Dataset records:
= Beginning of Section =
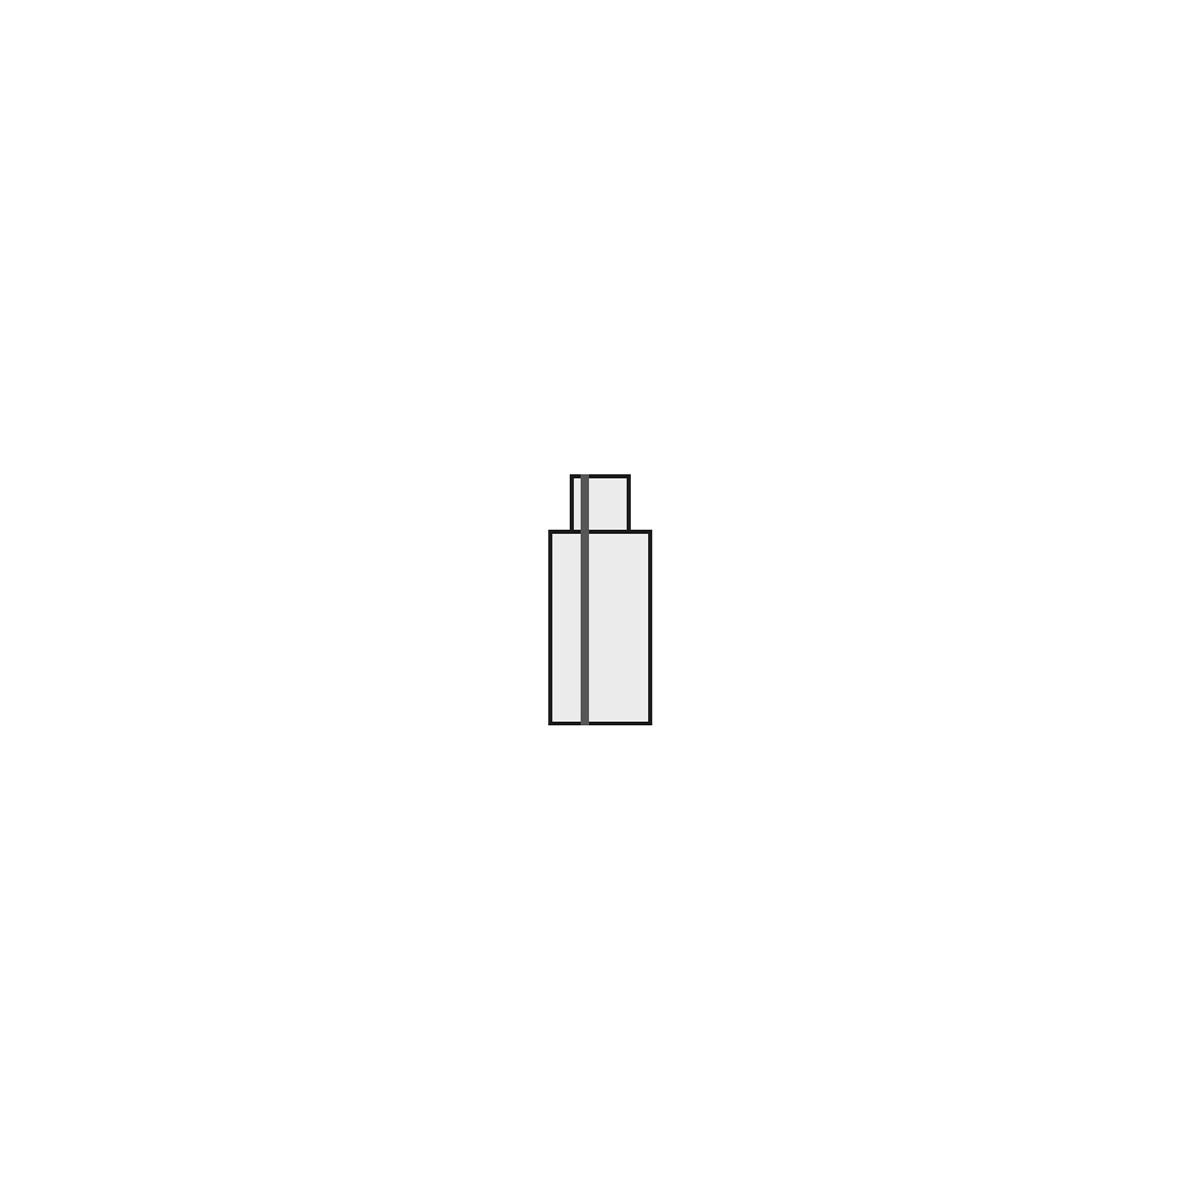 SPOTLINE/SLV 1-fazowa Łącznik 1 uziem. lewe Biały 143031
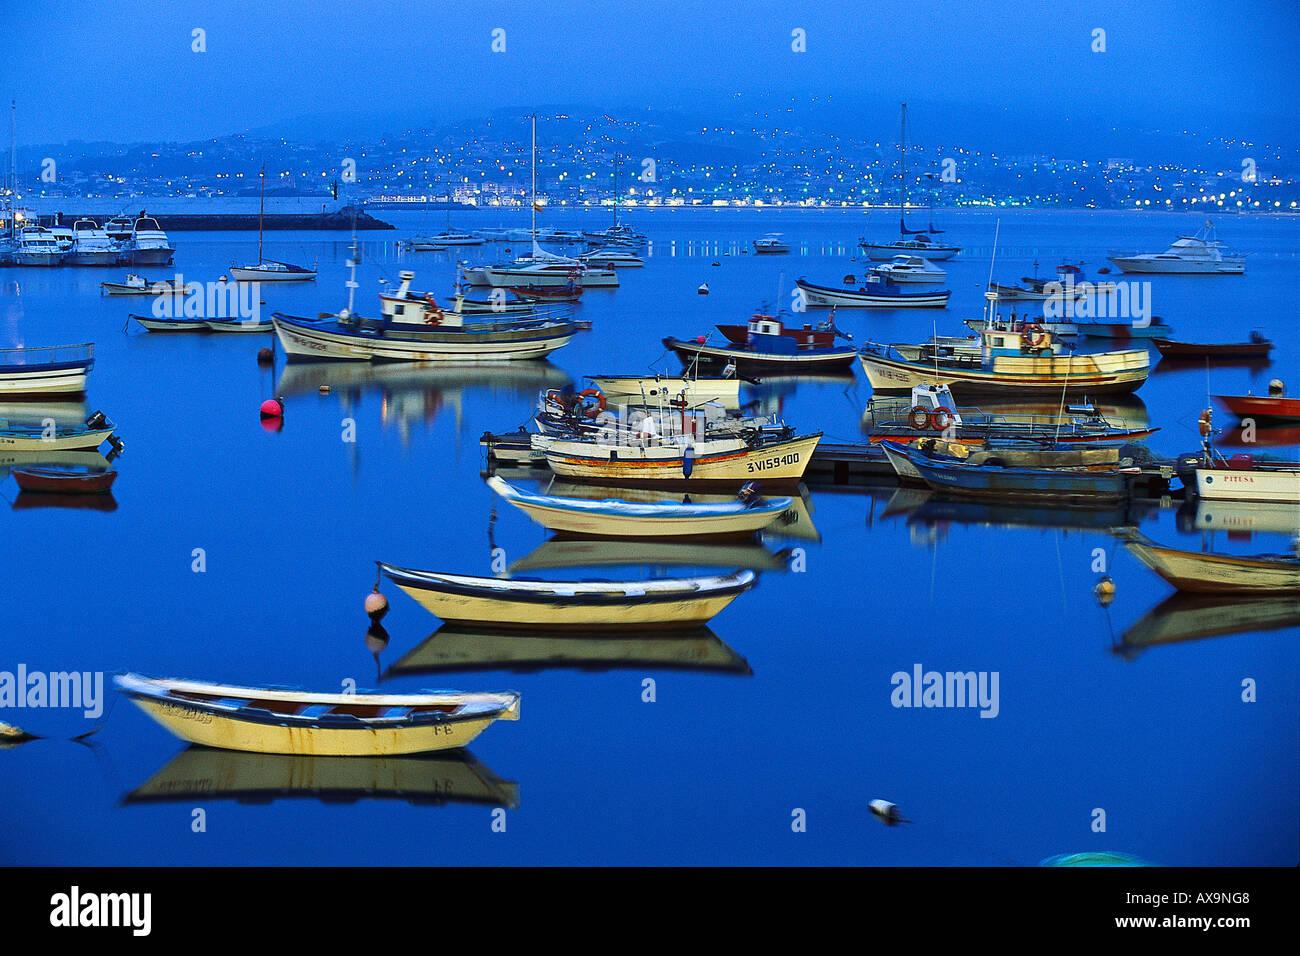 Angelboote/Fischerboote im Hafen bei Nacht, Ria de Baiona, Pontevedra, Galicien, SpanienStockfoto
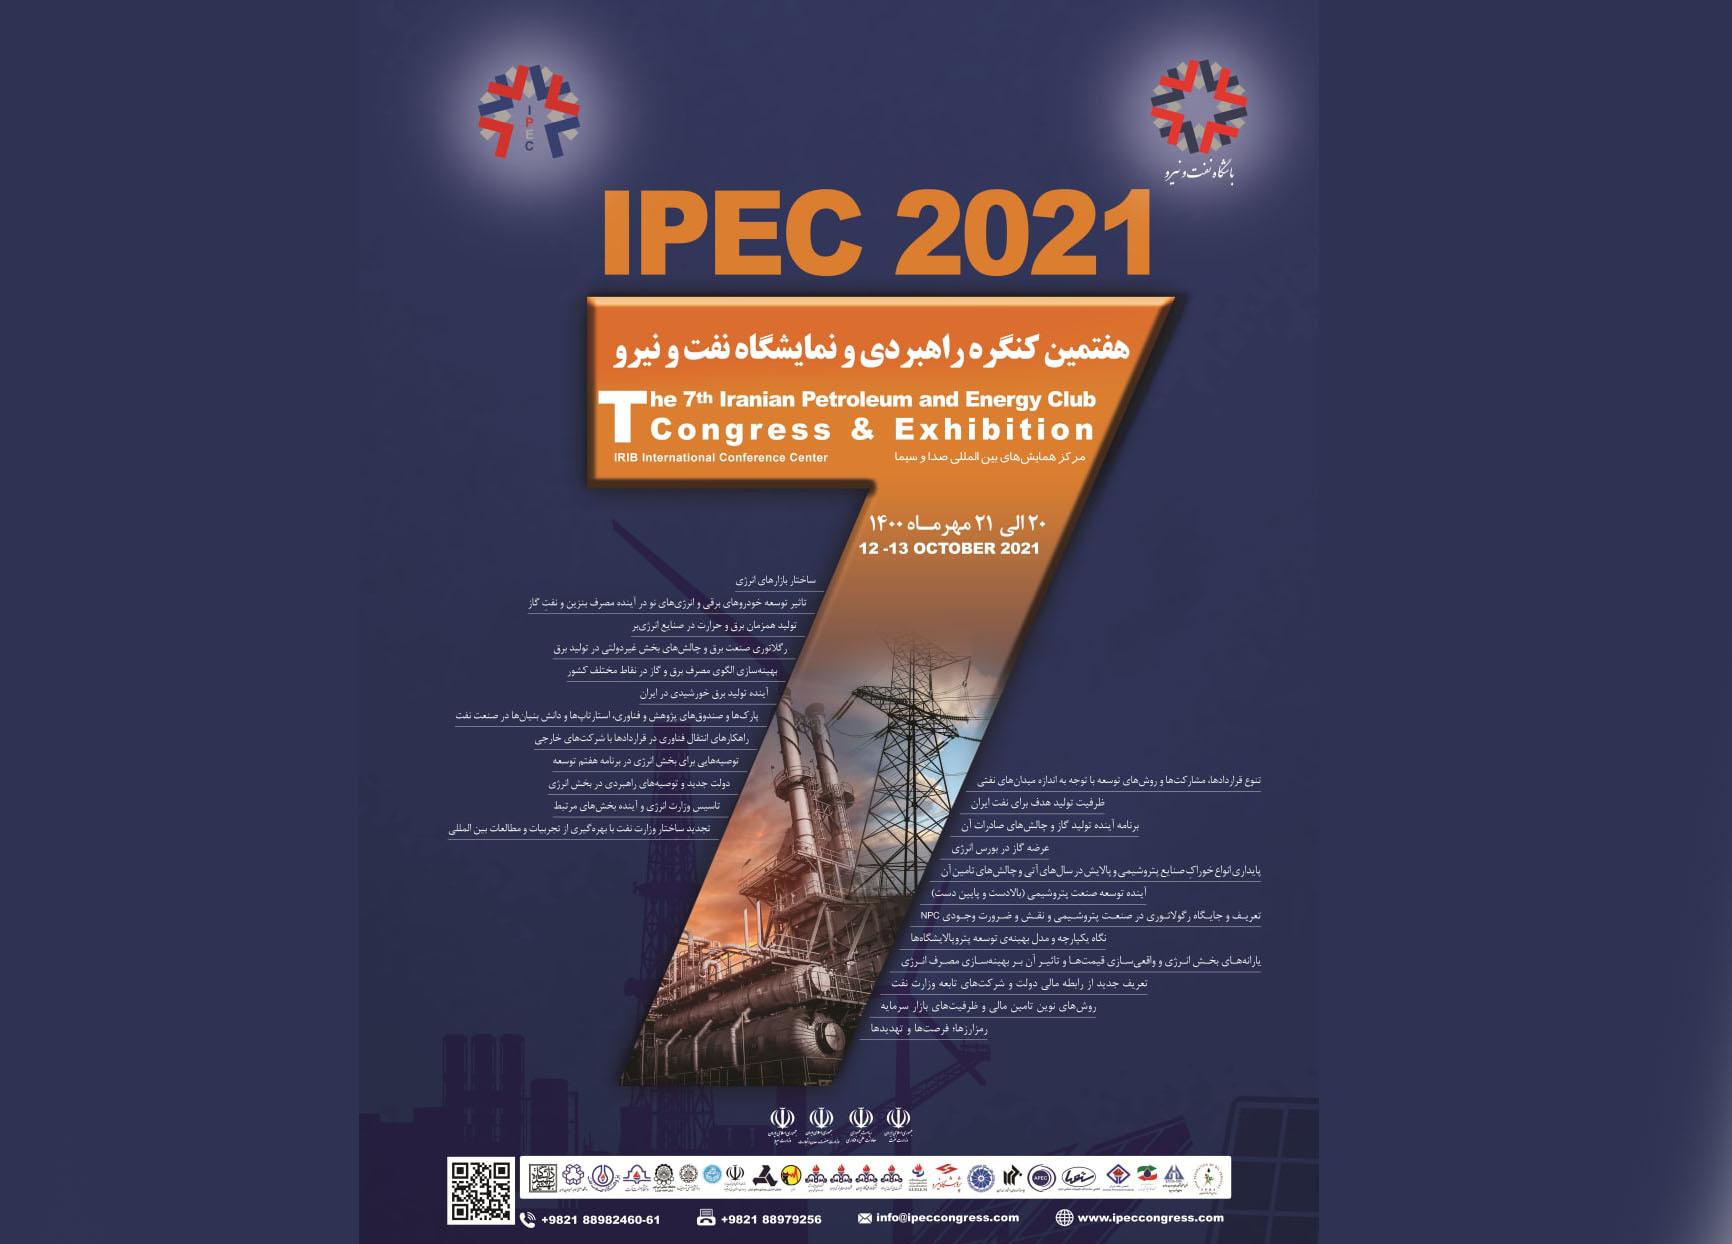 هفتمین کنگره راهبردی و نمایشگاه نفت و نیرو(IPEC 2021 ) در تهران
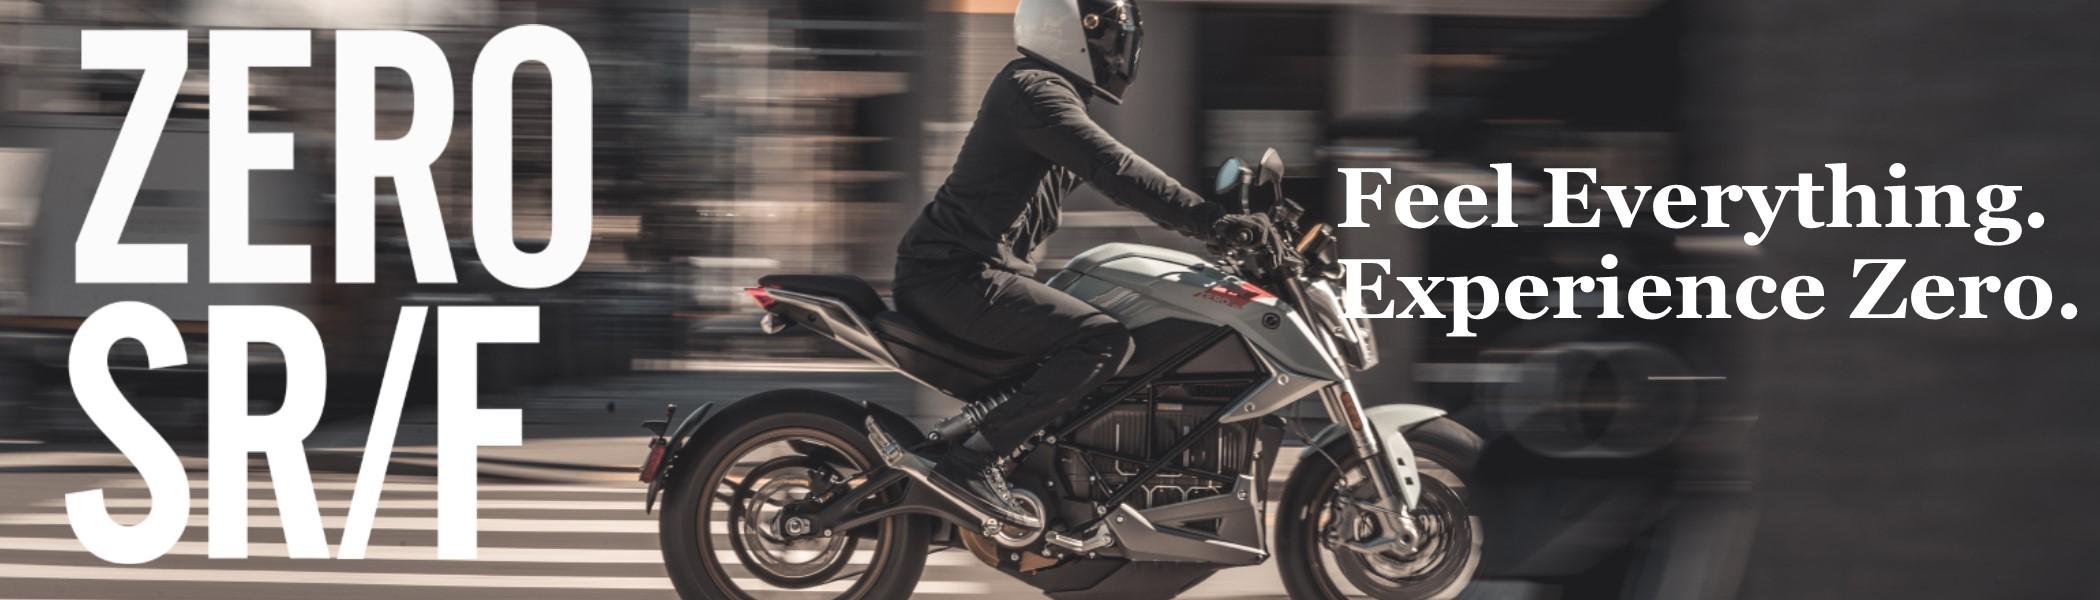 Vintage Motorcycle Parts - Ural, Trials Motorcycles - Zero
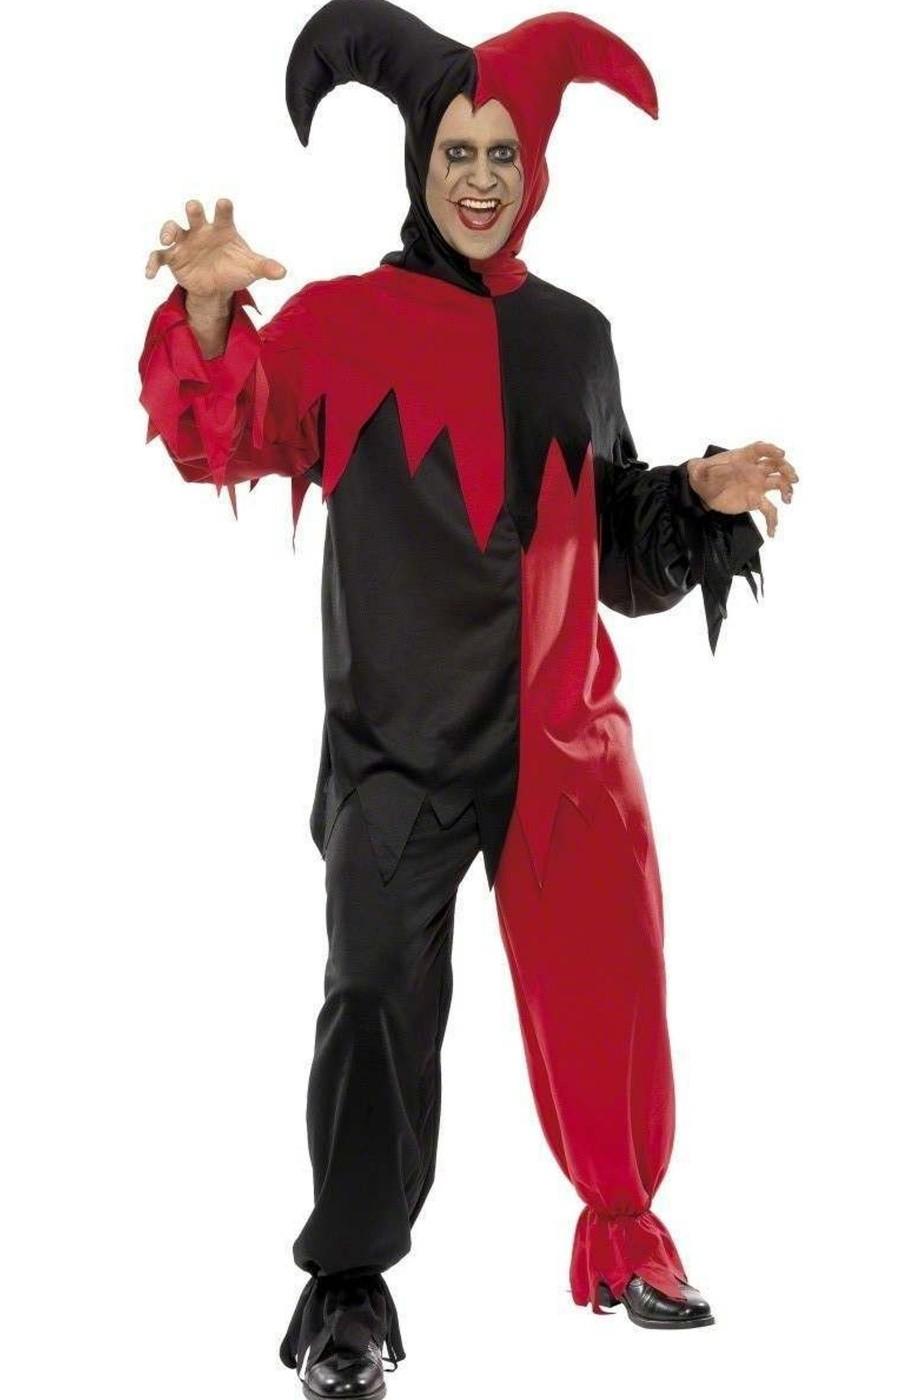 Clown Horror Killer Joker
= End of Section =
▶ **Assignment**
Exactly retype each record above, dropping images.

▶ **Task result**
 SPOTLINE/SLV 1-fazowa Łącznik 1 uziem. lewe Biały 143031
 Angelboote/Fischerboote im Hafen bei Nacht, Ria de Baiona, Pontevedra, Galicien, SpanienStockfoto
 هفتمین کنگره راهبردی و نمایشگاه نفت و نیرو(IPEC 2021 ) در تهران
 Vintage Motorcycle Parts - Ural, Trials Motorcycles - Zero
 Clown Horror Killer Joker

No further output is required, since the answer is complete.